Erstellt am 06. Juni 2011, 12:05

ÖBB-Privatisierung: Bures erteilt Fekter Abfuhr. Die Bahn ist wieder einmal Zankapfel der Koalition. SPÖ-Verkehrsministerin Bures kann dem Vorschlag der neuen Finanzministern Fekter, die ÖBB zu verkaufen, nichts abgewinnen.
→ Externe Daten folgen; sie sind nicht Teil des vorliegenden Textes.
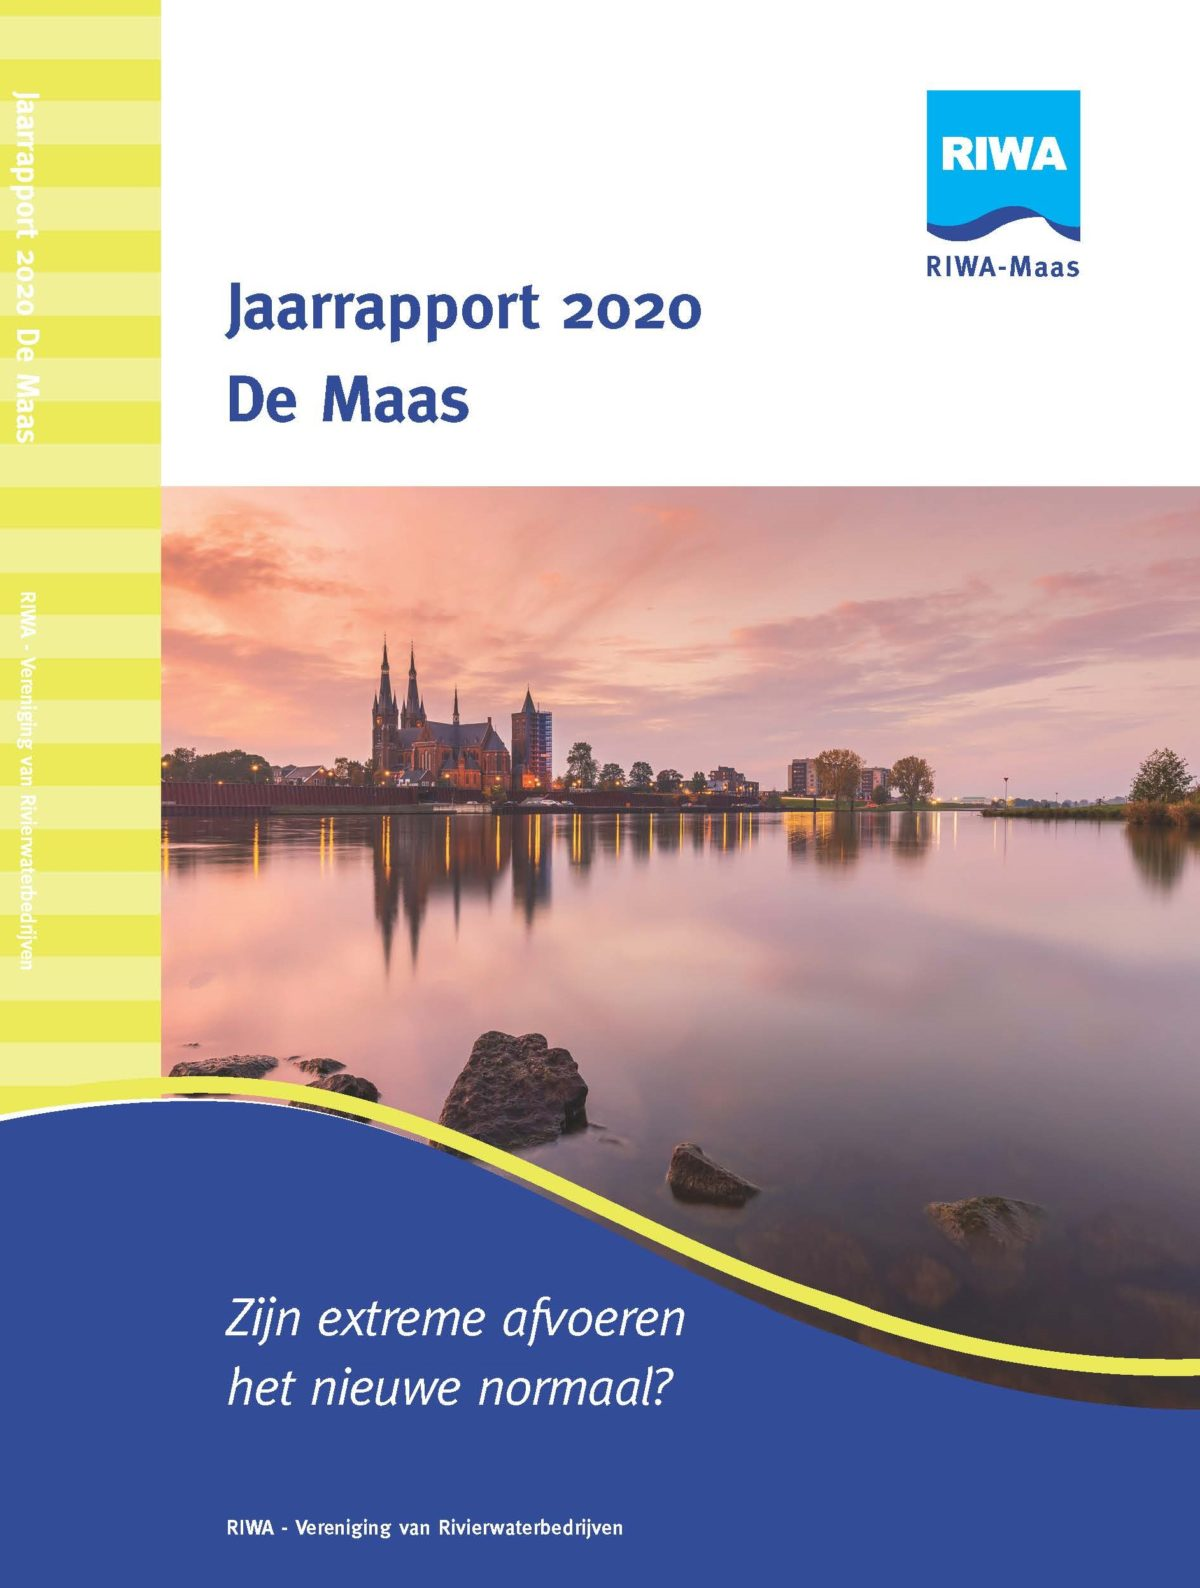 RIWA Jaarrapport 2020 De Maas

Die Bahn ist wieder einmal Zankapfel der Koalition. SPÖ-Verkehrsministerin Bures kann dem Vorschlag der neuen Finanzministern Fekter, die ÖBB zu verkaufen, nichts abgewinnen. Die von Fekter entfachte "Verscherbelungsdebatte" sei "entbehrlich", sagte Bures am Montag zur APA. Fekter scheine einer ideologischen Debatte verfallen zu sein, die bereits bei den Landesenergieversorgern begonnen habe.
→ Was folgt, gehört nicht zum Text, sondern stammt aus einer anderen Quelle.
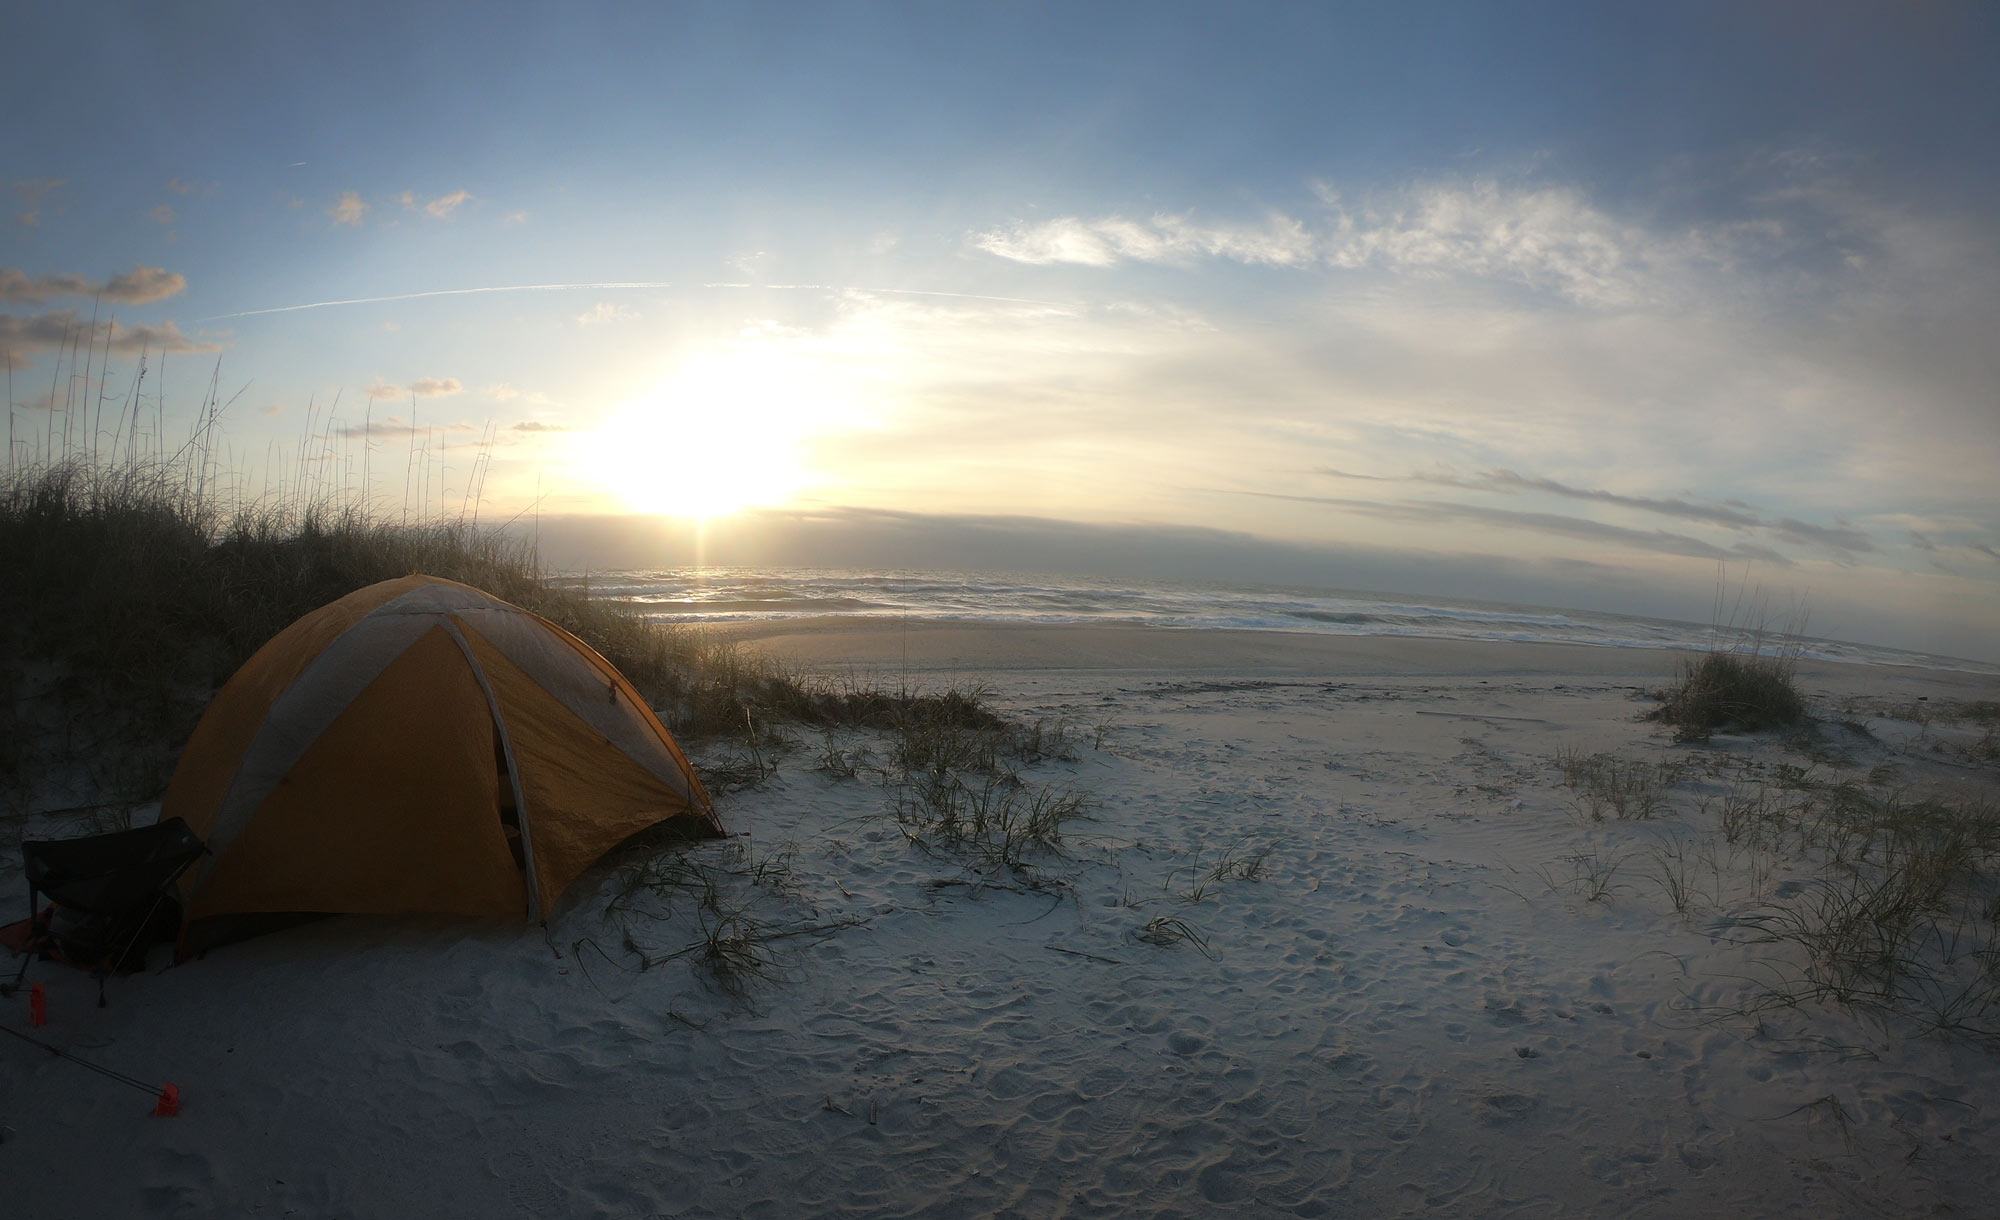 Camping on Masonboro Island, North Carolina

Ob sich Bures eine "strategische Partnerschaft" für die Bahn vorstellen kann, wie dies Fekter gefordert hat, ließ sie offen. Bereits jetzt hätten die ÖBB sowohl im Güter- als auch im Personenverkehr "zahlreiche" strategische Kooperationen, beispielsweise arbeite man auf der Strecke München-Verona mit der Deutschen Bahn zusammen. Prioritär sein nun aber, dass die Bahn ihren "harten Sanierungskurs" fortsetzt, um ab 2013 schwarze Zahlen zu schreiben. "Da braucht es eine gemeinsame Kraftanstrengung der Regierung", so die Verkehrsministerin. Von daher sei auch die Finanzministerin eingeladen, "das Unternehmen zu stärken", anstatt eine Privatisierungsdebatte vom Zaun zu brechen, so Bures.
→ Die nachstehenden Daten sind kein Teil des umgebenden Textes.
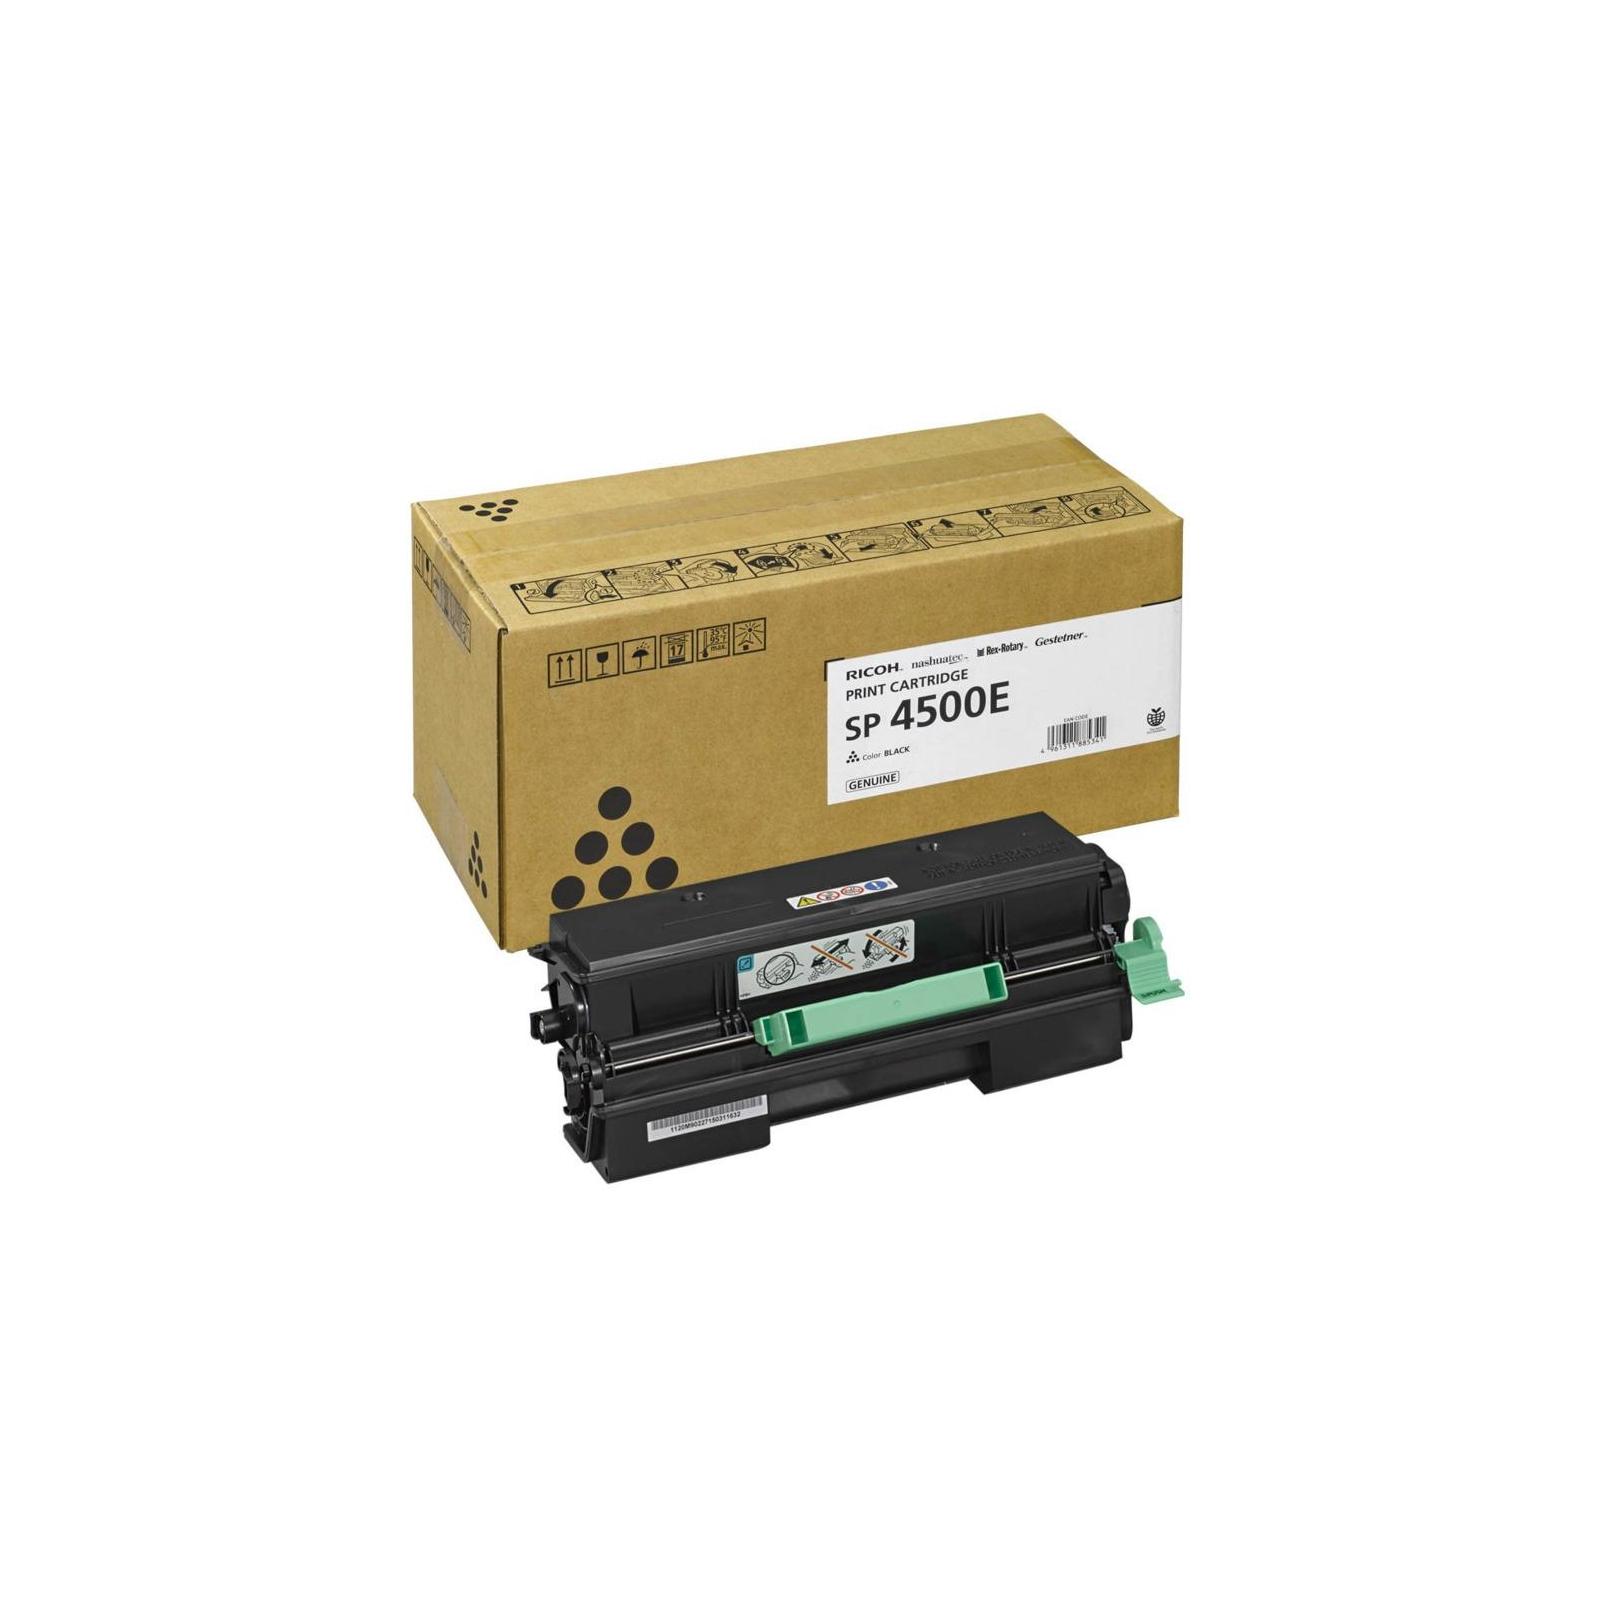 Тонер-картридж Ricoh SP4500LE Black 6К SP3600sf/SP3610sf/SP4510sf (407340)

Im Übrigen sei die Diktion "Werkl" verantwortungslos, empörte sich Bures. Die ÖBB sei eines der größten Unternehmen des Landes, ohne das die Mobilität sofort zusammenbrechen würde. Fekter hatte am Wochenende deponiert: "Mir wäre eine strategische Partnerschaft am liebsten, damit das Werkl endlich funktioniert."

Man sollte aus den Fehlern der Vergangenheit lernen, so Bures am Montag in Anspielung auf die aus ihrer Sicht wenig erfolgreiche "Verkaufspolitik von Schwarz-Blau" - respektive AUA oder Austria Tabak, von den Bundeswohnungen (Buwog) "ganz zu schweigen". "Die Bahn muss aus der Sanierungs- in eine Wachstumsphase kommen." Dann könne man auch über "eigenkapitalstärkende Maßnahmen" nachdenken, sagte Bures, ohne jedoch konkret zu werden. "Da gibt es mehrere Möglichkeiten" wie etwa strategische Partnerschaften.